* _Exercise data_:
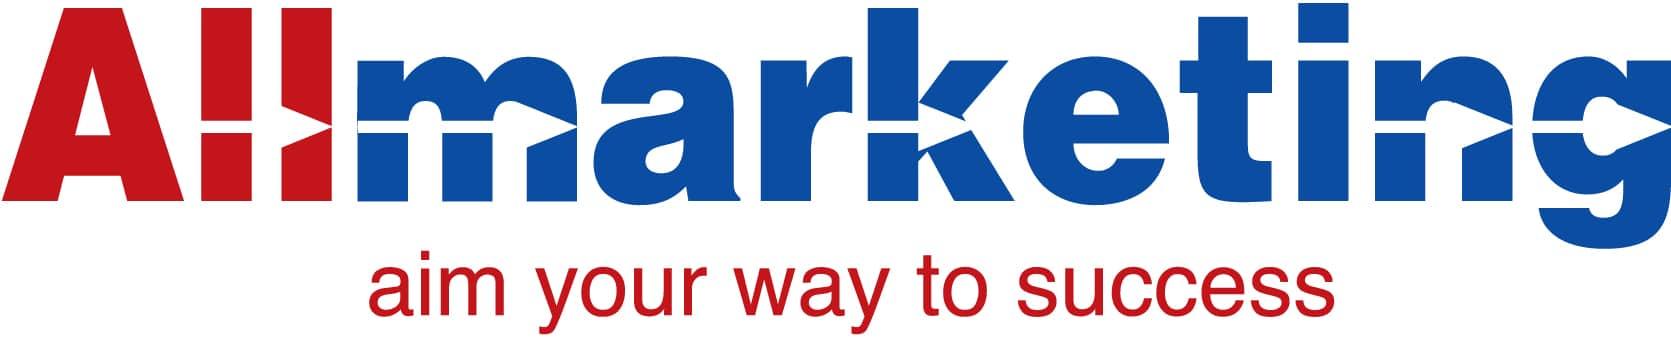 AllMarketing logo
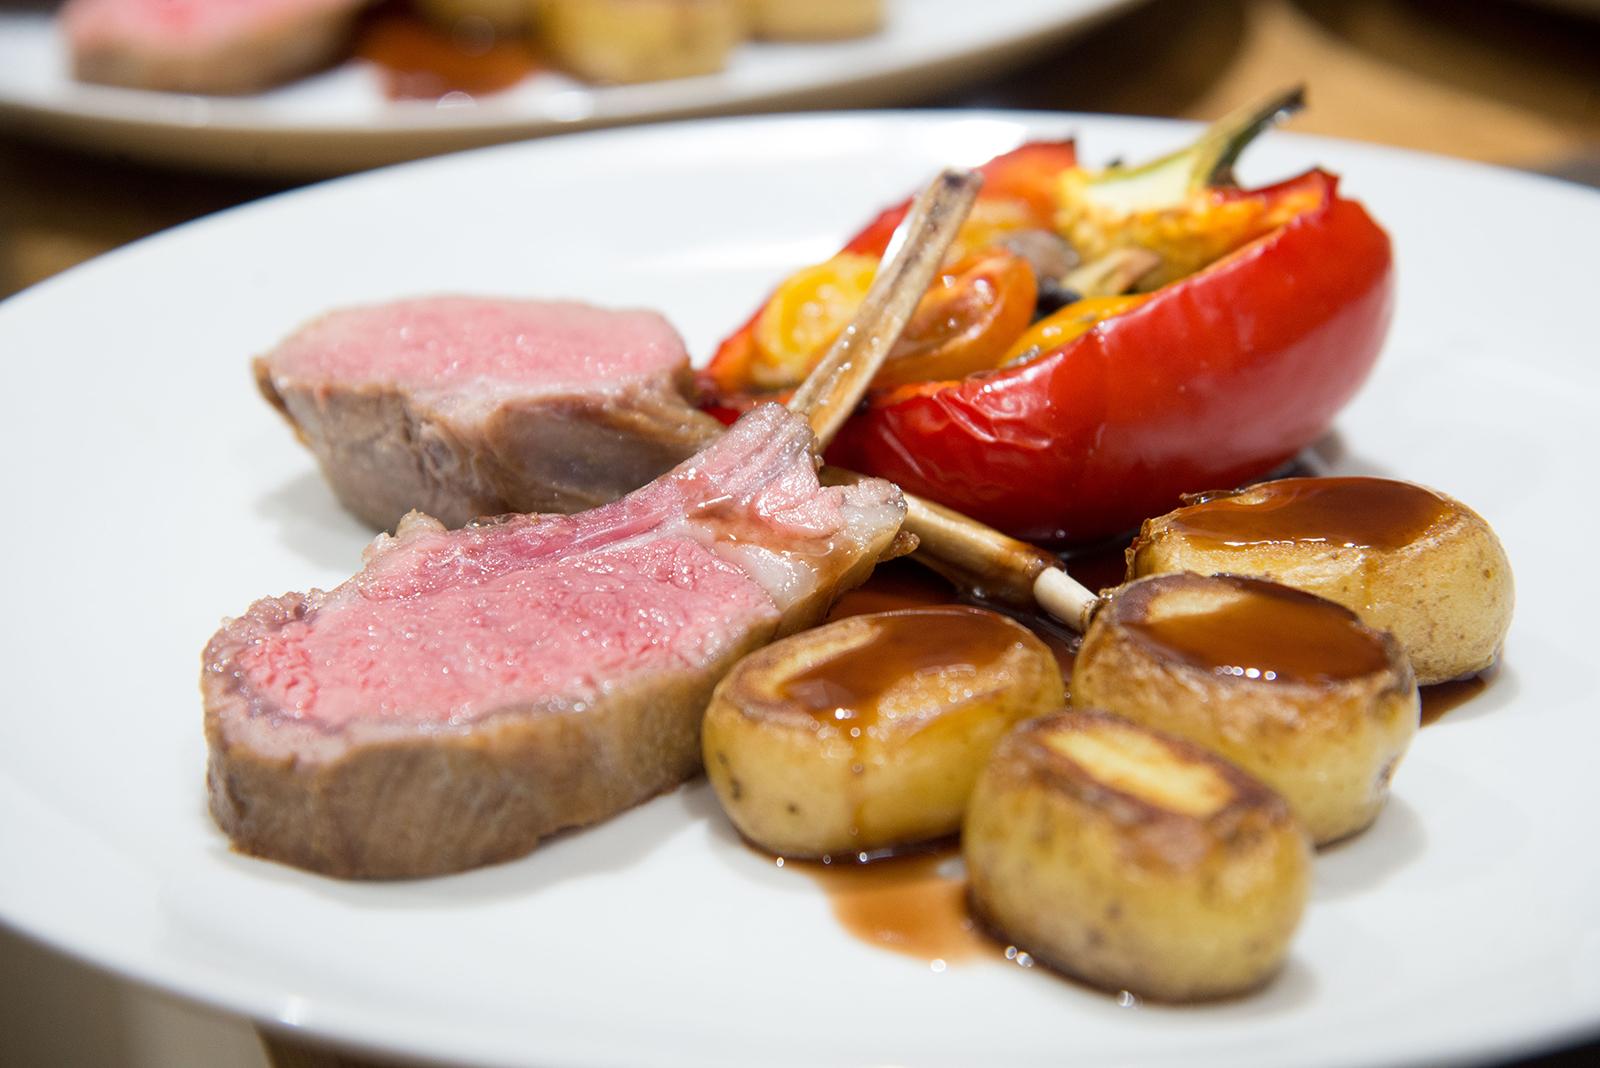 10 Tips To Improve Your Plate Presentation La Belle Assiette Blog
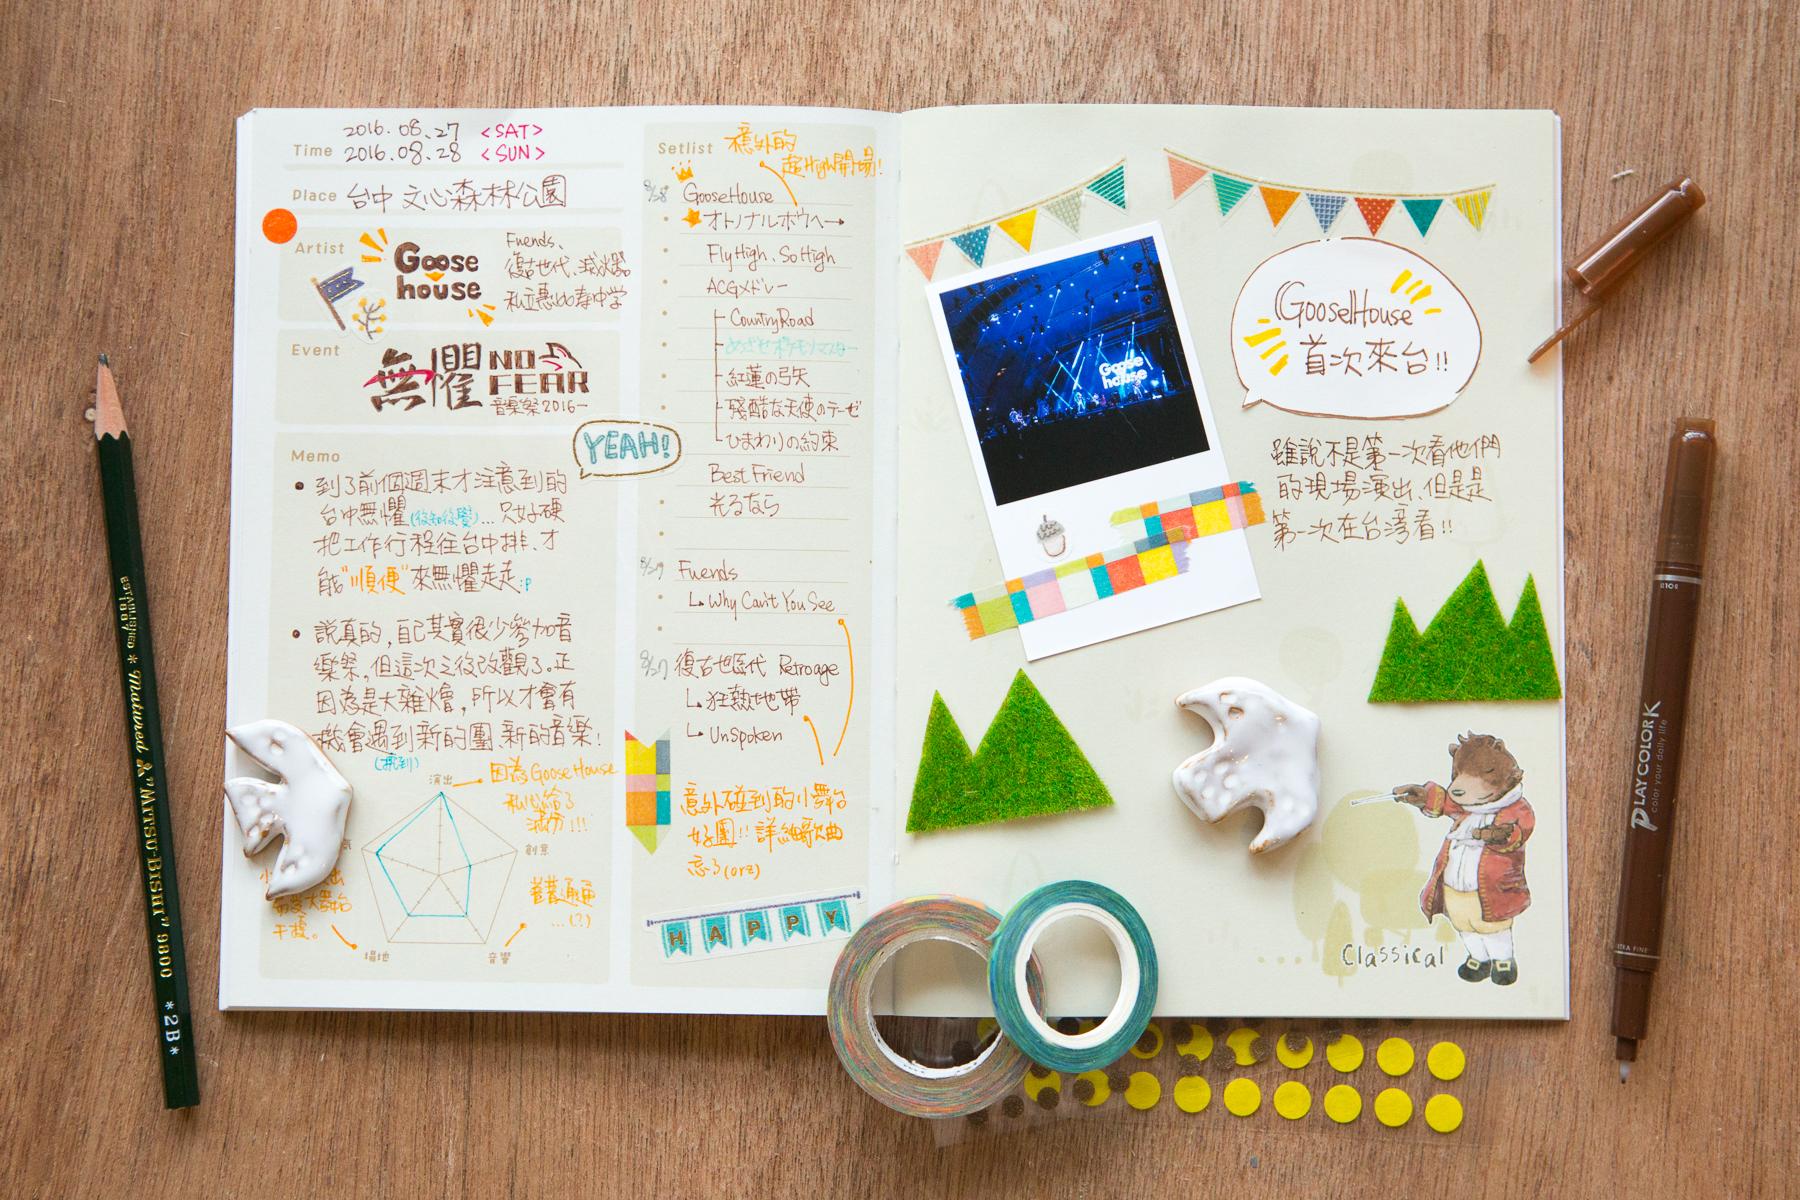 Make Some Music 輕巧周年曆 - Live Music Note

* _Assigned task_:
In full and without error, repeat the listing above, omitting its images.

* _Output_:
 AllMarketing logo
 10 Tips To Improve Your Plate Presentation La Belle Assiette Blog
 Make Some Music 輕巧周年曆 - Live Music Note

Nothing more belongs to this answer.